С этими и подобными рассуждениями, мой Друг, нельзя праздновать Рождества Христова. В самом деле, что такое Рождество Христово? Это рождение такого Лица, Которое можно так наказать, что удовлетворена будет правда Божия. Юридическая теория омрачает великий праздник Рождества Христова. Мало того. Меркнет от этой теории и светоносная ночь Воскресения. Я всегда поражался, до чего беден содержанием в наших догматиках параграф о воскресении Христовом. Впечатление у меня от чтения этих параграфов такое: чувствует автор, что неловко не писать о воскресении, но что писать – недоумевает. И вот некоторые в воскресении Христа видят лишь доказательство того, что удовлетворение, принесенное страданиями Христа, принято, что оно действительно. У Макария о воскресении Христовом меньше страницы. Воскресение Христово, правда, здесь рассматривается как победа над смертью, но рассуждения о том, почему вследствие воскресения Христова воскреснем некогда и все мы, – определенностью и убедительностью не отличаются. Так, мой Друг, юридическая теория, сосредоточиваясь на Голгофе, лишает нас полной радости праздников Рождества и Воскресения Христовых.
А какой, ты думаешь, вывод из юридической теории для нравственной, для духовной жизни? Я думаю, что прямой логический вывод из этой теории – отрицание всякой духовной нравственной жизни. В самом деле, Христос за нас пострадал, долги наши заплатил. Стали ли мы от этого лучше, чище? С нас снята вина за грех. Положим, с вора по манифесту сложили законное наказание. Перестал ли он быть вором? Да и нужно ли нам быть лучше? Кто и зачем этого от нас требует? Нужно ли нам избегать греха, бороться с ним? Ведь удовлетворение-то принесено «преизбыточествующее», бесконечное. Его хватит на всякое количество моих грехов. И вот католики и протестанты, слепо верящие в юридическую выдумку средневековой схоластики, сделали в теории логический вывод: они зачеркнули всю нравственную жизнь. Это в теории, а не на практике, потому что сердце чувствует истину иногда лучше, нежели логика. Ты, Друг, может быть, удивишься: как это так католики и протестанты зачеркнули нравственную жизнь? Да, это именно так. Если наши отношения к Богу и наше спасение ограничиваются юридическими счетами, оскорблением, наказанием и удовлетворением и если удовлетворение за нас принесено даже «преизбыточествующее», то жить можно как угодно. Делай долги – Христос их уже авансом заплатил. И вот вместо подвига борьбы с грехом кощунственная торговля индульгенциями даже до дне сего.

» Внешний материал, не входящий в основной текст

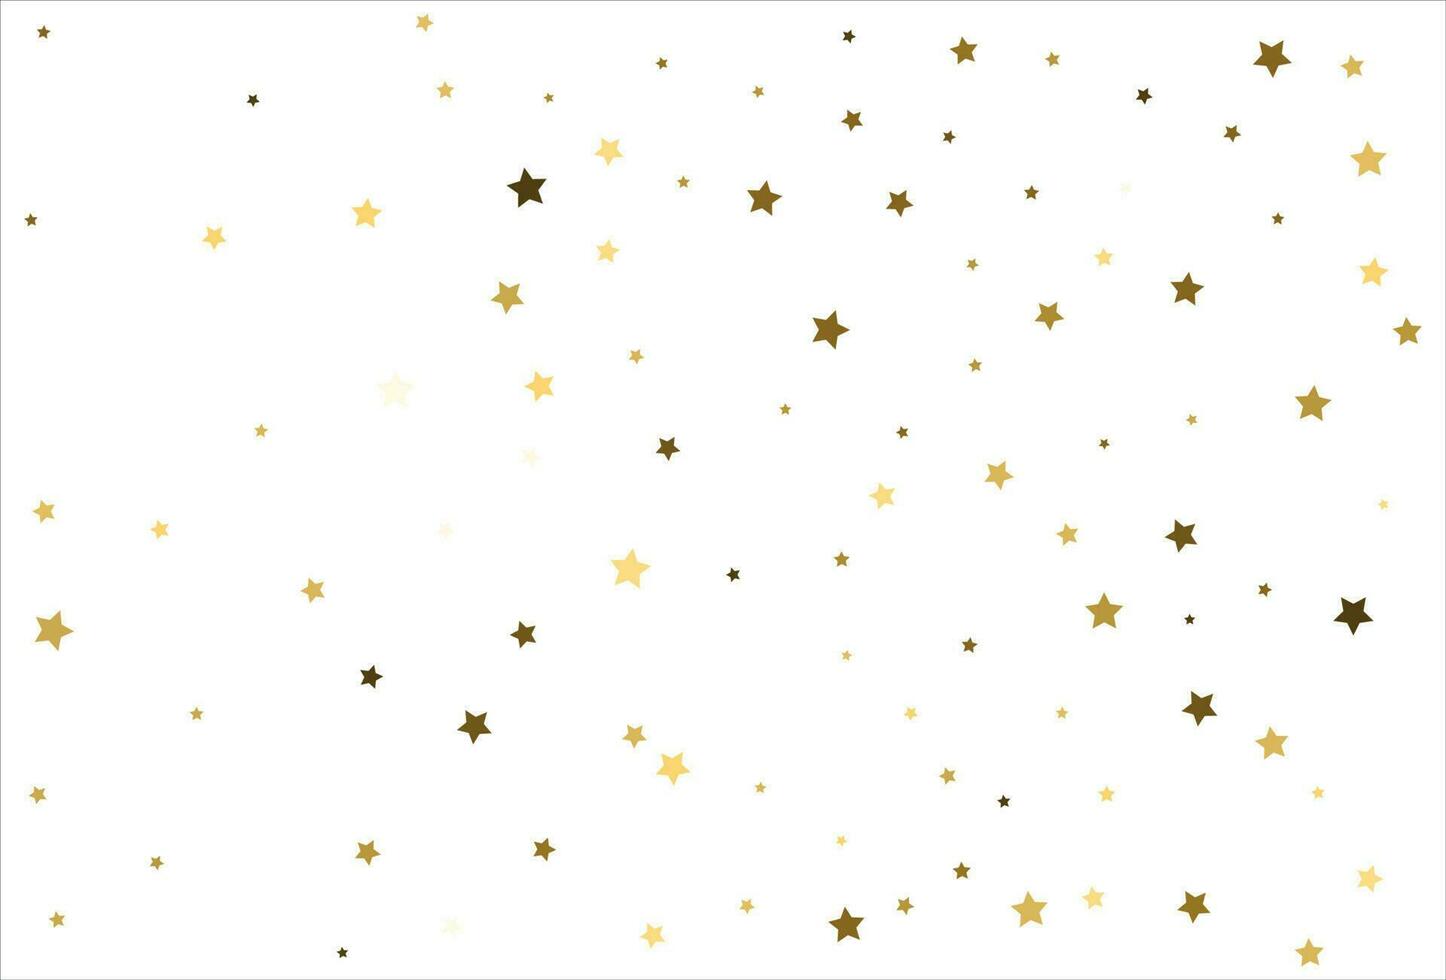 estrelas de ouro caindo aleatórias no fundo branco. padrão de brilho para banner, cartão de felicitações, cartão de natal e ano novo, convite, cartão postal, embalagens de papel vetor

Не думай, что индульгенции – злоупотребление. Они – прямой вывод из юридической теории искупления. Католические богословы только последовательнее наших. Наши догматисты, излагая юридическую теорию искупления, долгое время идут в ногу со своими католическими образцами, но потом, чувствуя, что что-то неладно, отходят в сторону и путаются в противоречиях, тогда как католики смело доходят до абсурда. Наши хотят поправить католическое учение, тогда как его нужно бросить целиком. А у нас даже преосвященный Сильвестр3 почтительно отзывается об Ансельме, не находя у него ничего противного Православию. Как же думают поправить у нас католическую догматику? У нас развивают учение о субъективной стороне искупления. Человек должен, говорят, участвовать в удовлетворении и со своей стороны – верой, добрыми делами, страданиями в жизни, распинанием плоти со страстями и похотями. Вот уж этого-то я и не могу понять! Если удовлетворение за меня принесено Христом, да еще «преизбыточествующее», то что же я-то могу здесь прибавить? Бесконечность не станет больше, сколько к ней единиц ни прибавляй. Кроме того, то мне говорили, что я не могу удовлетворить правде Божией, что удовлетворил Сын Божий, а теперь оказывается, будто и мое удовлетворение что-то да значит, будто без него мало даже бесконечного удовлетворения, данного в крестной смерти Богочеловека! А потом, что же такое мои добрые дела, моя борьба с грехом и страстями – условие спасения или следствие спасения? Потому ли я добродетелен, что спасен, или потому я и спасен, что добродетелен? Так, свернув с католической тропинки, наша догматика попадает в непроходимую лесную чащу непримиримых противоречий.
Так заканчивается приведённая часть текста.